We had a lot of courses on statistics during my physics studies. There were also some opportunities to play with data, like preparing reports from lab experiments. I really liked all that.
Then, there was one elective course on ML in my institute. Some former PhD student who was working at Google at that time came and told us how cool ML is and showed us some stuff.No one knew anything about ML back then in my physics institute. Even professors were attending that course. src/images/julia.png I got excited and wanted to learn more. So I decided to apply for an ML internship. I felt very lucky to be able to spend a summer with the ML group at Brussels University. I was so bad at it but learned a ton back then! I found another internship when I returned to Poland, this time in a start-up. Later, I was offered a full-time data science job at that company. Eventually, I decided that I wanted to return to academia, so here I am doing my PhD :).

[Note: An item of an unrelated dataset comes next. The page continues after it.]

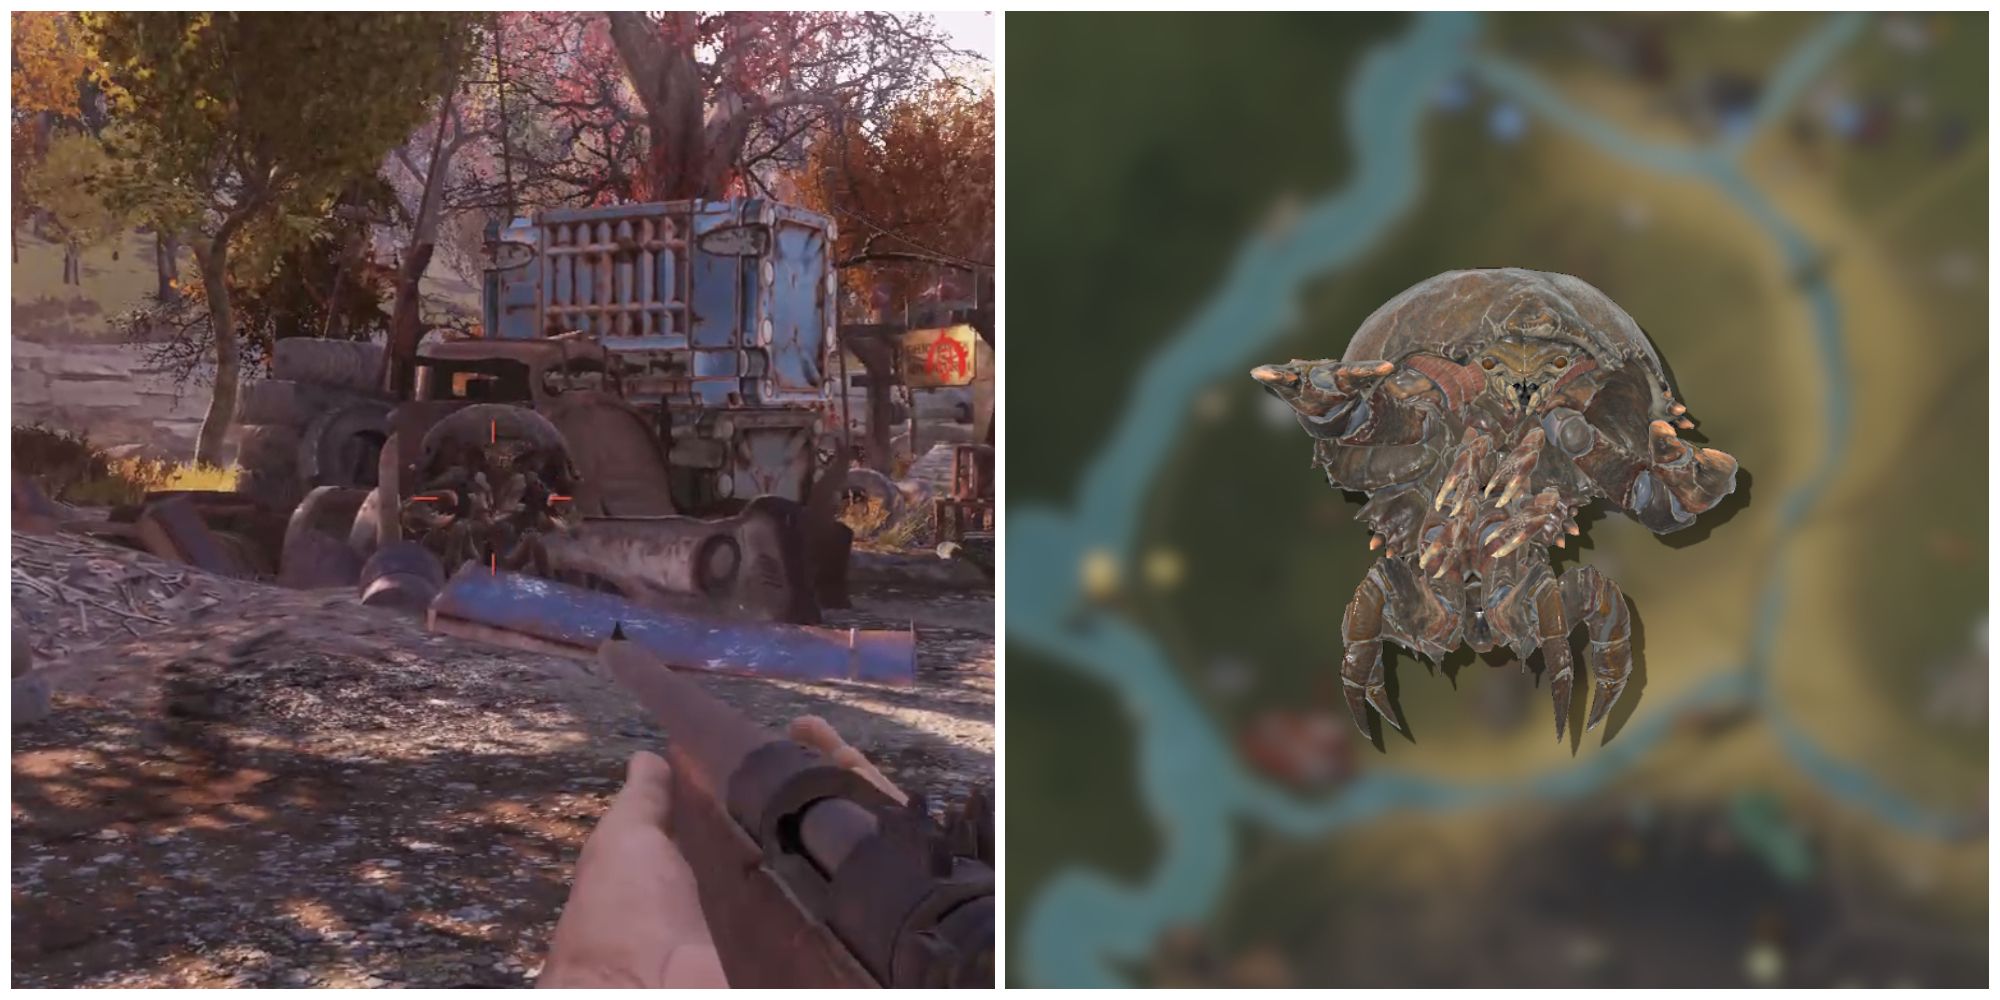 Split image of a Mirelurk in the wild and a Mirelurk in the foreground of a map image from Fallout 76

Where do you find information about ML?
If I need high-level information, I look for a blog post on a website like medium.com or towardsdatascience.com, all those blog-like internet pages. If I want something deeper, I will go for an article. But I also learn a lot from conferences. For instance, it can give me ideas I would like to try.
What is your biggest struggle with using ML?
To be honest, there are many challenges in my work. It depends on the level we are looking at. If we’re talking about segmentation models, there is no annotated data. I have to annotate the data manually. It’s enormous work. The limited availability of labelled data consequently restricts the complexity of the models you can create.
Also, there is no ground truth for the segmentation of plumes. It is unclear where a plume starts and ends. Moreover, the resolution of the data is very low [3.5 by 5.5 km^2], which makes it even harder to annotate the data properly. You have no guarantee that your labels are correct.
Another challenge is that my data only contains a single channel: the one containing NO2 concentrations. There are no other supplementary sources to improve the data or to add more information.
What is your favourite thing about ML?
We use ML not because we like it but because it’s a valuable tool. It gives us solutions to problems that cannot be tackled easily. You can really get into the data and try to extract as much information as possible. That might be what is really cool about ML.
What are you missing to use ML better in your work?
Better data! I struggle all the time with finding the right technique that will work for this data, a technique that can extract any information, which is very difficult. I would need higher-quality data and more labels.
We might get more pre-trained models on similar types of data. That would be helpful. Now, when I go on ArXiv and look for available methods, I face the problem that it will likely not work on my data.
For NOx, we don’t have satellites that provide higher resolutions yet. But that won’t entirely fix the problem: if you want to combine data from different satellites, they must be perfectly synchronised. Ships move all the time, and plumes, too. Also, NO2 plumes don’t live long: the gas quickly dissipates in the atmosphere. It will be hard to get useful supplementary information if the satellites are not in sync.
How do you see the future of ML in EO?
There is tons of data that must be processed and tons of problems currently solved by analytical solutions. The potential for ML is enormous here. Analytical solutions are often hugely computationally expensive. We can use ML to replace these methods with something much faster.
Data for ML
There is so much data coming from everywhere, all kinds of instruments.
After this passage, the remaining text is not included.